(Data block)

▼

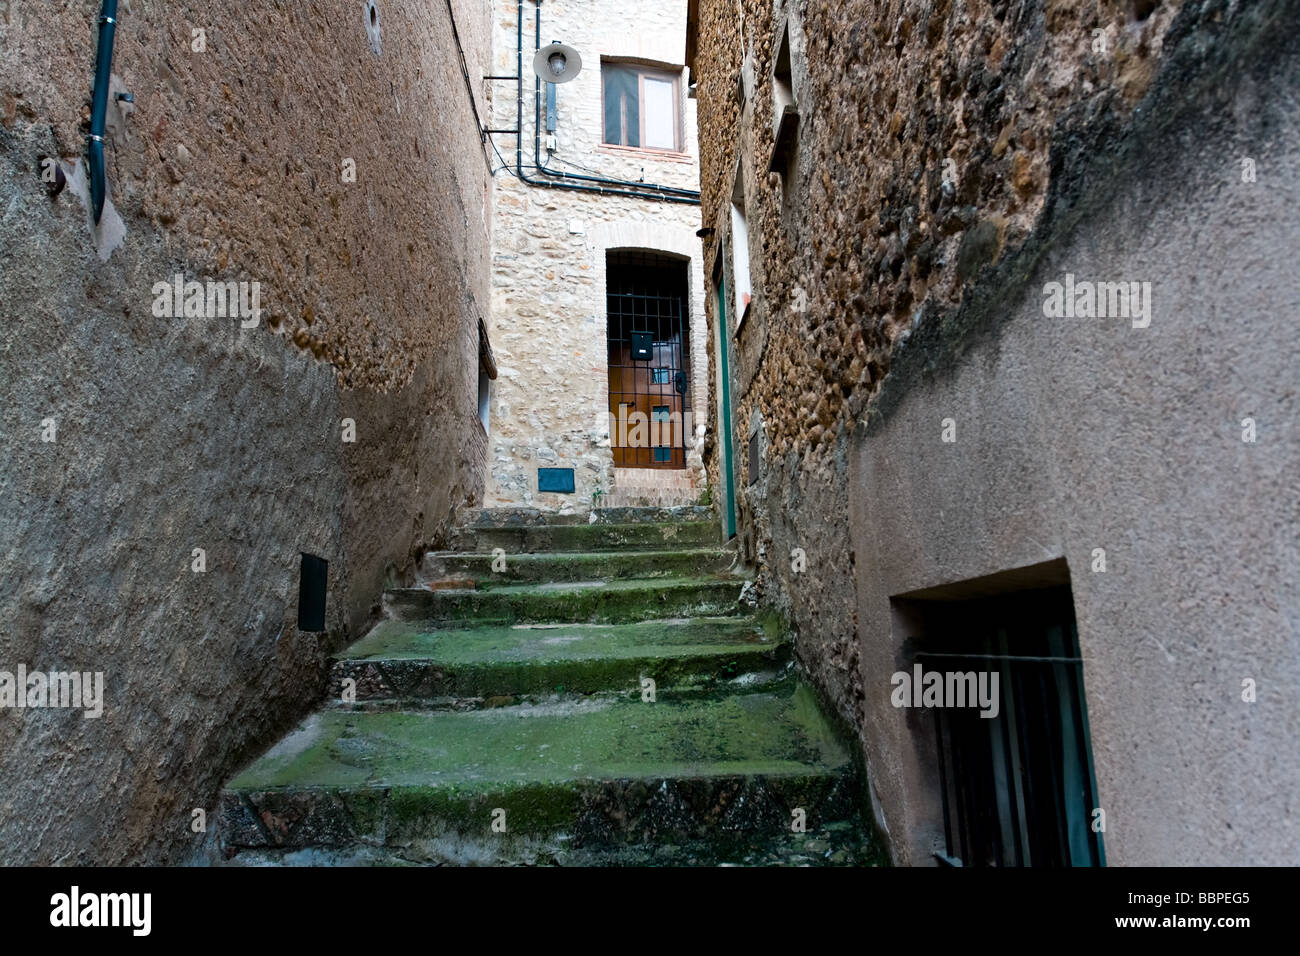 Steps in the village of Llado, Northern Spain. Stock Photo
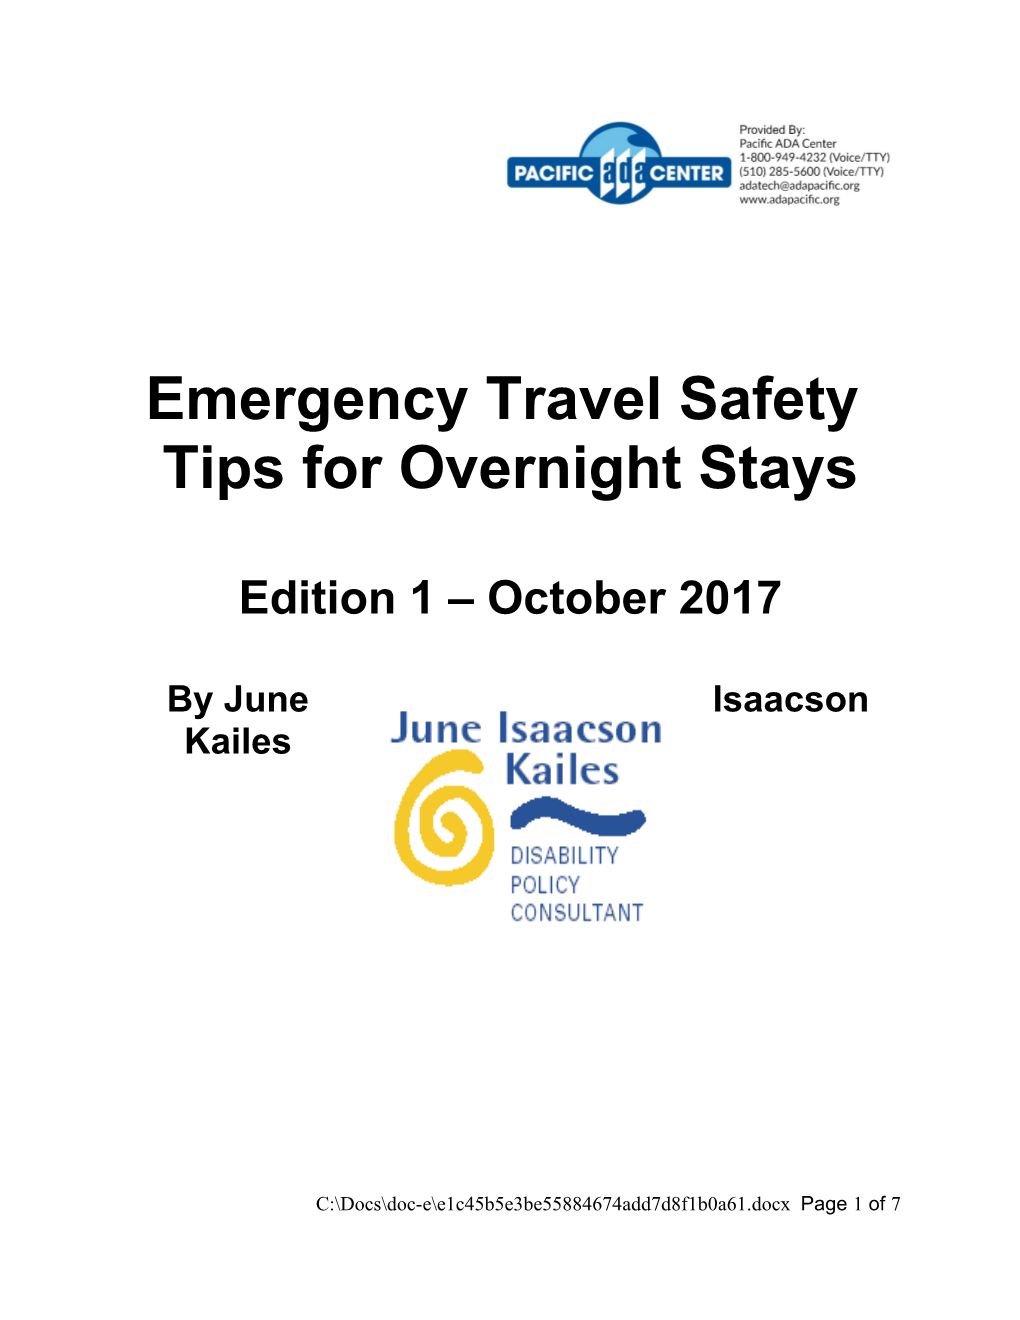 Tips for Overnight Stays
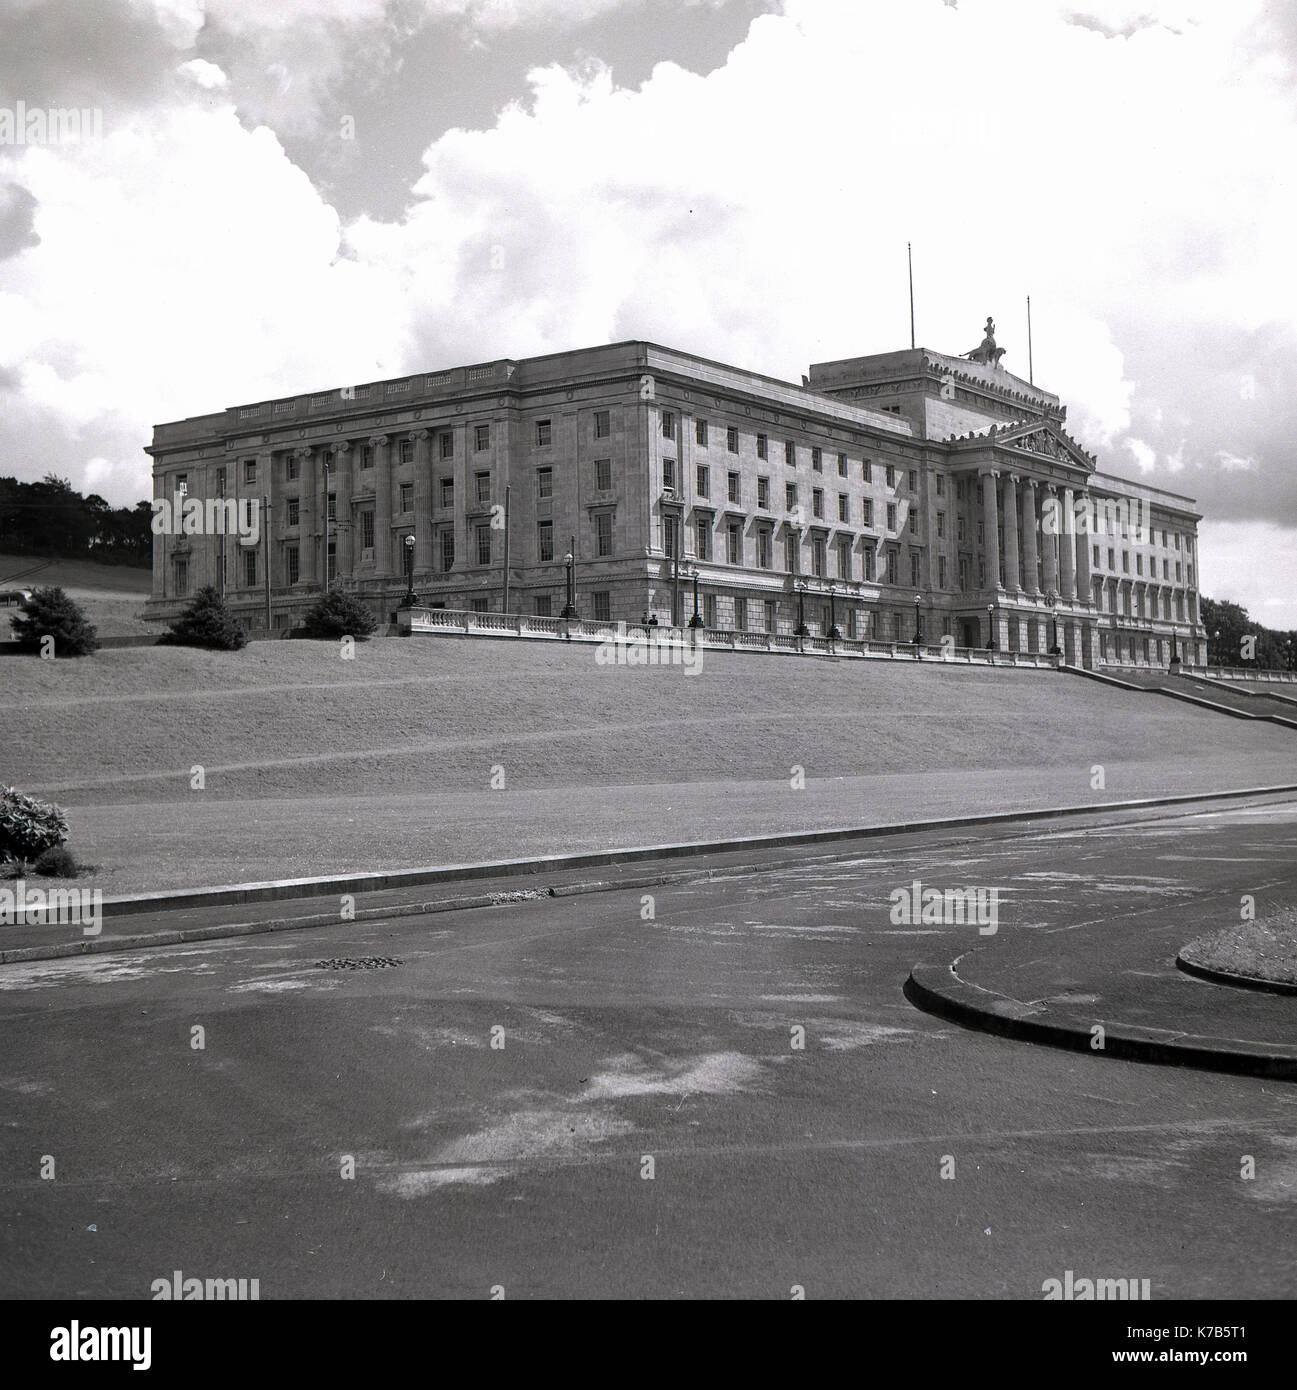 1950s, historical, exterior view of the Parliament building and surrounding park land at Stormont, Belfast, Northern Ireland. The Stormont estate was purchased in 1921 following the partition of Ireland and the grand building seen here, created in the Greek classical style and made from Portland Stone, was officially opened in 1932. Since 1998, it has been the administration location of the devolved government for the country, the Northern Ireland Assembly. Stock Photo

▲

(Work item) Set down the whole listing word for word, omitting the pictures.

(Solution to this problem)
 Steps in the village of Llado, Northern Spain. Stock Photo
 Tips for Overnight Stays
 1950s, historical, exterior view of the Parliament building and surrounding park land at Stormont, Belfast, Northern Ireland. The Stormont estate was purchased in 1921 following the partition of Ireland and the grand building seen here, created in the Greek classical style and made from Portland Stone, was officially opened in 1932. Since 1998, it has been the administration location of the devolved government for the country, the Northern Ireland Assembly. Stock Photo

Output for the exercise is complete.